Há meses venho tentando não me imiscuir no complexo debate político que atormenta, acabrunha e indigna milhares de brasileiros. Usei de muitos estratagemas para evitar colocar com todas as letras minha opinião pessoal, desde ironias, diálogos imaginários com minhas cachorras, até construção de fábulas e parábolas.

Camelo 2Hoje, no entanto, sinto a necessidade, a urgência mesmo, de externar meus pontos de vista pessoais e propor algumas reflexões. Não tenho feito outra coisa ao longo das últimas semanas a não ser acompanhar vorazmente todos os informes jornalísticos, análises de especialistas, opiniões de pessoas envolvidas direta ou indiretamente com os dois lados da questão. Como um camelo, bebi toda a água disponível como preparativo para enfrentar a travessia deste deserto ético. Consumi toda a carne ideológica dos discursos a favor e contra cada um dos protagonistas da crise tal qual um leão faminto. Reservo-me agora o direito de regurgitar, vomitar e excretar os resíduos desse festim político a partir de uma perspectiva humana – a minha.

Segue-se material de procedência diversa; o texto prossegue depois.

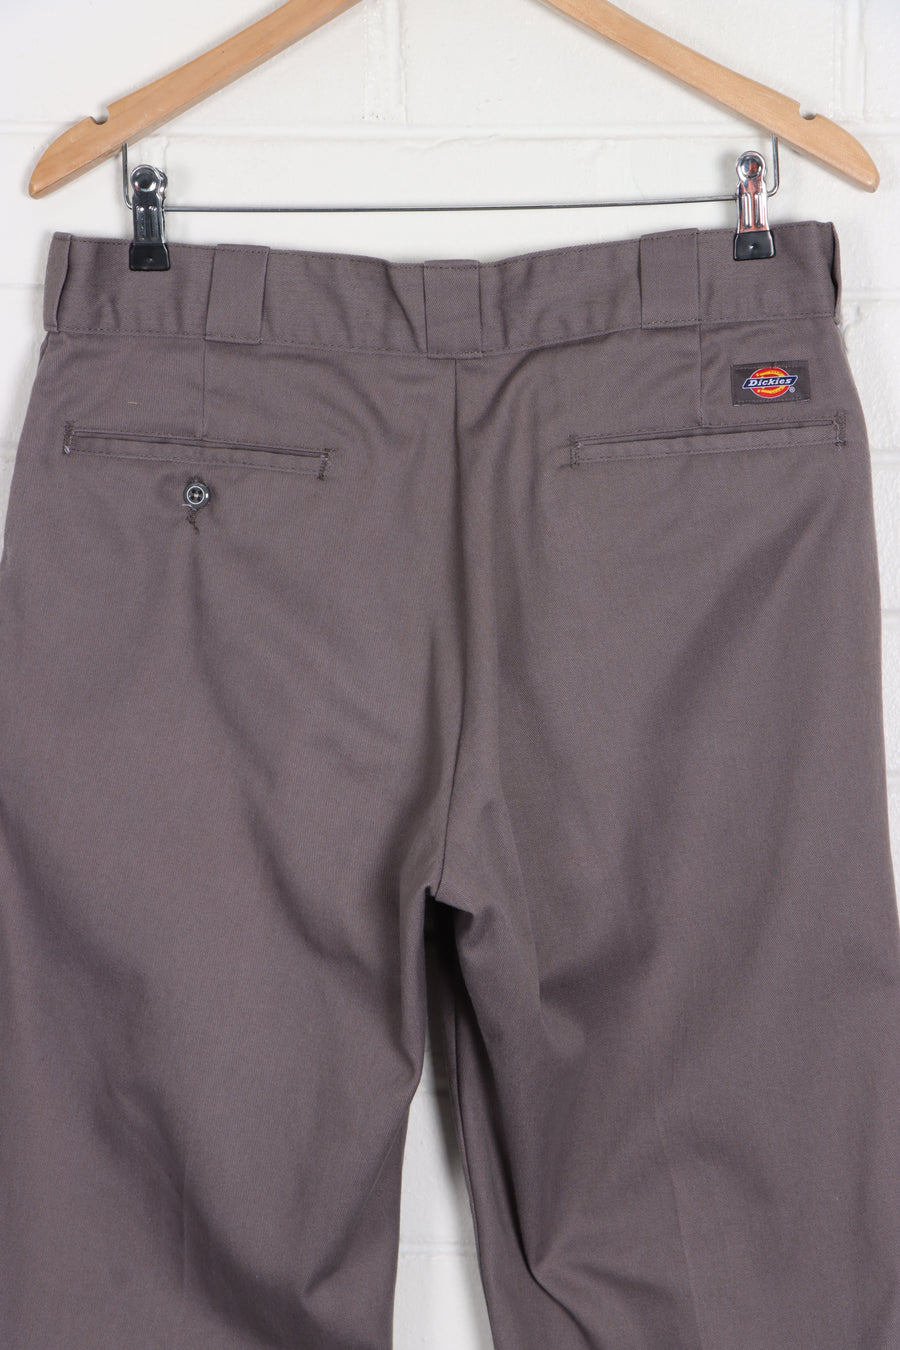 DICKIES Grey Lavender 874 Original Fit Workwear Pants (34x30) - Vintage Sole Melbourne

Começo por abordar o lado “direito” do conflito, em suas duas acepções: tanto a postura dos responsáveis pelo ordenamento jurídico brasileiro quanto a de todos os que se opõem à visão ideológica da esquerda. Preciso dizer que considero deveras preocupante que um juiz extrapole de suas funções constitucionais para trazer à luz as perversões de nossos atuais mandatários e guarde silêncio obsequioso quanto às distorções de caráter de outros tantos personagens da atual cena política. Tenho verdadeira ojeriza a salvadores da pátria, venham de onde vierem e independente dos mantos com que se cubram. Também tenho pavor dos que vestem suas togas, atendo-se aos detalhes eminentemente técnicos para emitir este ou aquele parecer e desconsiderando os aspectos mais propriamente morais da legislação em vigor. Sinto pânico ao constatar que muitos estão dispostos a acobertar os desvios de conduta dos que integram seu lado só para ajudar a destruir seus opositores. Os fins, me parece, não justificam os meios para nenhuma das partes deste ‘imbróglio’.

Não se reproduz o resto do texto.